MacIntyre argues that modern moral discourse is in a state of ‘disorder’ where people use moral terms (like ‘justice’ or ‘rights’) as if they were objective, but actually use them only to express personal feelings or to manipulate others. 

  • Mediators often encounter parties who seem to be speaking different languages even when using the same words. MacIntyre suggests this isn’t just a communication breakdown, but a result of emotivism—the belief that moral claims are nothing more than expressions of preference. Recognizing this helps a mediator understand why rational argument often fails to resolve deep-seated ethical disputes. 

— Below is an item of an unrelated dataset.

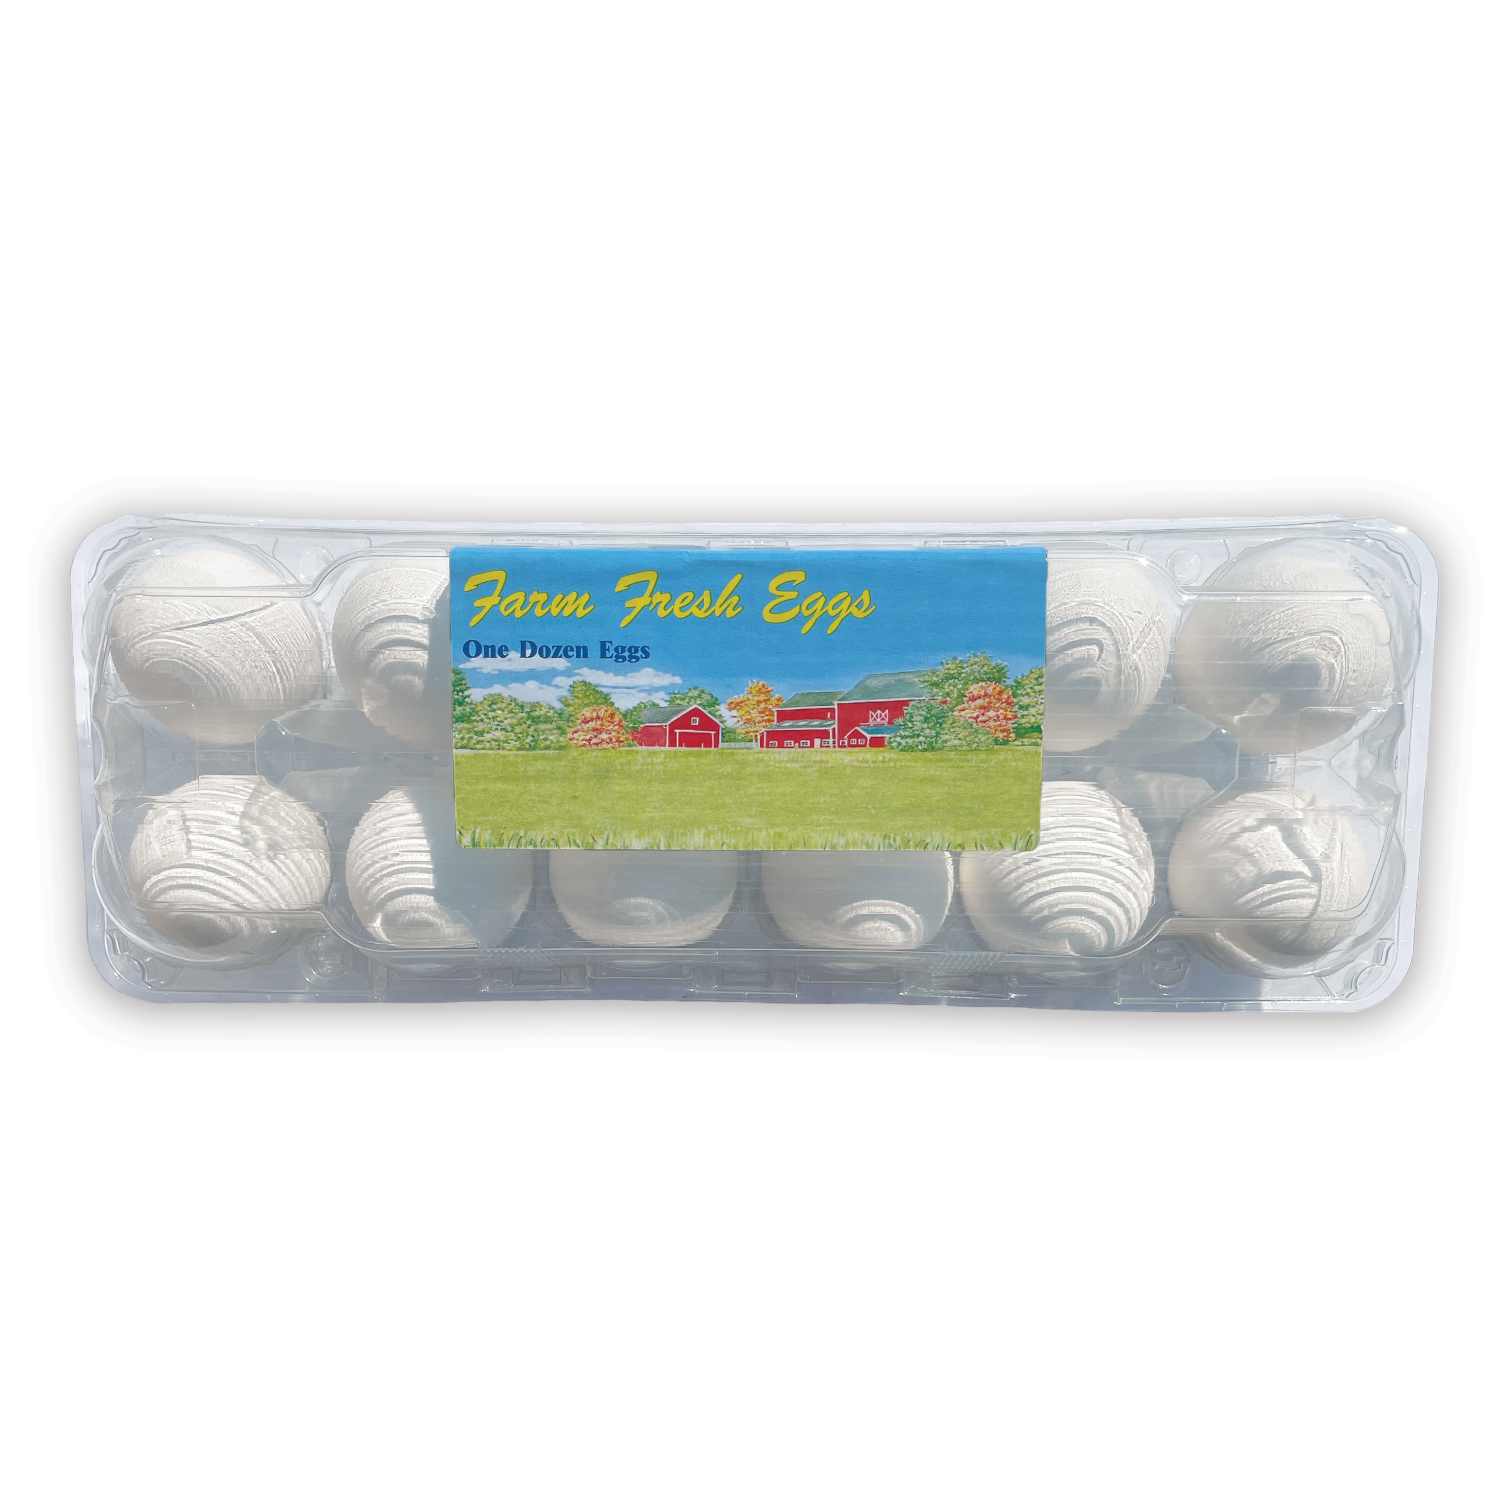 My Favorite Chicken 10 Pack Plastic Egg Flat Carton Tray Holds 30 Eggs Reusable Washable

2. Mediation as a ‘Practice’

MacIntyre defines a practice as a cooperative human activity where “internal goods” (excellences specific to that activity) are realized. 

  • The Lesson: Mediation itself can be viewed as a practice. To be a ‘good’ mediator is not just about following a set of rules (external goods like money or status), but about cultivating virtues like justice, courage, and honesty that are internal to the process of conflict resolution. The mediator’s goal is to help parties engage in their own shared practices (like parenting or running a business) more virtuously. 

3. Narrative Unity and Life Stories

One of MacIntyre’s most famous concepts is that human life has a narrative unity. We are ‘storytelling animals’ who can only understand our actions within the context of our life’s story. 

  • The Lesson: Conflict often arises when someone’s “narrative” is interrupted or challenged. A mediator can learn to look for the underlying story each party is living out. By helping parties see themselves as characters in an unfolding narrative—rather than just “sovereign choosers” making isolated decisions—a mediator can find more meaningful paths toward resolution. 

4. Navigating ‘Incommensurability’

MacIntyre identifies that modern arguments are often incommensurable, meaning there is no neutral third standard to judge between them (e.g., an argument based on ‘rights’ vs. one based on ‘utility’). 

  • The Lesson: Instead of trying to find a ‘perfect’ rational compromise that satisfies both sides’ abstract principles, MacIntyre’s philosophy suggests focusing on local, communal traditions. A mediator can look for the shared ‘tradition’ or ‘community’ the parties belong to, which might provide the shared moral vocabulary they currently lack in the abstract. 

5. Moving Toward ‘Phronesis’ (Practical Wisdom)

MacIntyre champions the Aristotelian idea of phronesis, or practical wisdom—the ability to apply general virtues to specific, messy situations. 

  • The Lesson: Mediation is the ultimate arena for phronesis. It requires the mediator to move away from rigid checklists and toward a “virtue ethic” where the right course of action is determined by the specific needs of the parties and the unique context of their conflict.